* **Input**
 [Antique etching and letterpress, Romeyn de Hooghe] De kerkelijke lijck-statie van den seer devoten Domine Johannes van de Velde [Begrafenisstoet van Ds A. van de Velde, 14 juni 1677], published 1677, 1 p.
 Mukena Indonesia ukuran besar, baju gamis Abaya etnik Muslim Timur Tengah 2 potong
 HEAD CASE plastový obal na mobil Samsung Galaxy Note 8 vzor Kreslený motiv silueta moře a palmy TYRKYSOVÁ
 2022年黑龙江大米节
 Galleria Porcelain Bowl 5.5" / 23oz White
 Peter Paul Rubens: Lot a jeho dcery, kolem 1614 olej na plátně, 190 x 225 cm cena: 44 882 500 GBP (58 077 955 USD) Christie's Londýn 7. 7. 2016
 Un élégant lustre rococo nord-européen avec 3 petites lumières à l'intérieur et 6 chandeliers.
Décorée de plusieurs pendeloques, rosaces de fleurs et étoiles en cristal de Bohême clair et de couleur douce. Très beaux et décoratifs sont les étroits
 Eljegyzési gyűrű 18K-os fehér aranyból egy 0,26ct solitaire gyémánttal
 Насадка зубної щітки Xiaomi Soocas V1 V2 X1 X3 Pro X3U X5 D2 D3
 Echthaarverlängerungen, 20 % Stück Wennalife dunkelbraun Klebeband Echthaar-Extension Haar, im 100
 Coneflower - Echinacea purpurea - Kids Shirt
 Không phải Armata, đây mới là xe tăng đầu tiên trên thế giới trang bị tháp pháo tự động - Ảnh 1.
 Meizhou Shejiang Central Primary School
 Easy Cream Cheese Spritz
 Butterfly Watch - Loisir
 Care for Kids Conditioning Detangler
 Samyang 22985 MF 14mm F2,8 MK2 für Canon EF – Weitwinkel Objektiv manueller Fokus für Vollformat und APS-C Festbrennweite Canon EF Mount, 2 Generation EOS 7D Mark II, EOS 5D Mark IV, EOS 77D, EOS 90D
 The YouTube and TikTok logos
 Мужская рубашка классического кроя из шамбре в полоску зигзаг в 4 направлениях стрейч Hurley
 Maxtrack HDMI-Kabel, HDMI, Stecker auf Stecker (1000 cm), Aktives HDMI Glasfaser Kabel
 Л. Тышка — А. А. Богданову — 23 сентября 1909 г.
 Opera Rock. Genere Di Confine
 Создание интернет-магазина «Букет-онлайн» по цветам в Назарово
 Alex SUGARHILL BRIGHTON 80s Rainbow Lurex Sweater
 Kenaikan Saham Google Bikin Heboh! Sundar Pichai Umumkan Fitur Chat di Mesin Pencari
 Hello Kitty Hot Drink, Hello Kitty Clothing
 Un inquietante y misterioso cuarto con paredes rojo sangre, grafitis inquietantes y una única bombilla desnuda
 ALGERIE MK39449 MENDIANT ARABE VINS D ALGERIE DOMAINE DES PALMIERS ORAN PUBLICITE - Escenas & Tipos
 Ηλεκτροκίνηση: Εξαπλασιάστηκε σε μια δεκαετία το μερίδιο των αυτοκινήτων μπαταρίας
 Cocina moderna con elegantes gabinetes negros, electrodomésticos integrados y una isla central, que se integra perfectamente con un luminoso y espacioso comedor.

* **Assignment**
Please go through the data above and copy each line that has the word "Kids".

* **Completed exercise**
 Coneflower - Echinacea purpurea - Kids Shirt
 Care for Kids Conditioning Detangler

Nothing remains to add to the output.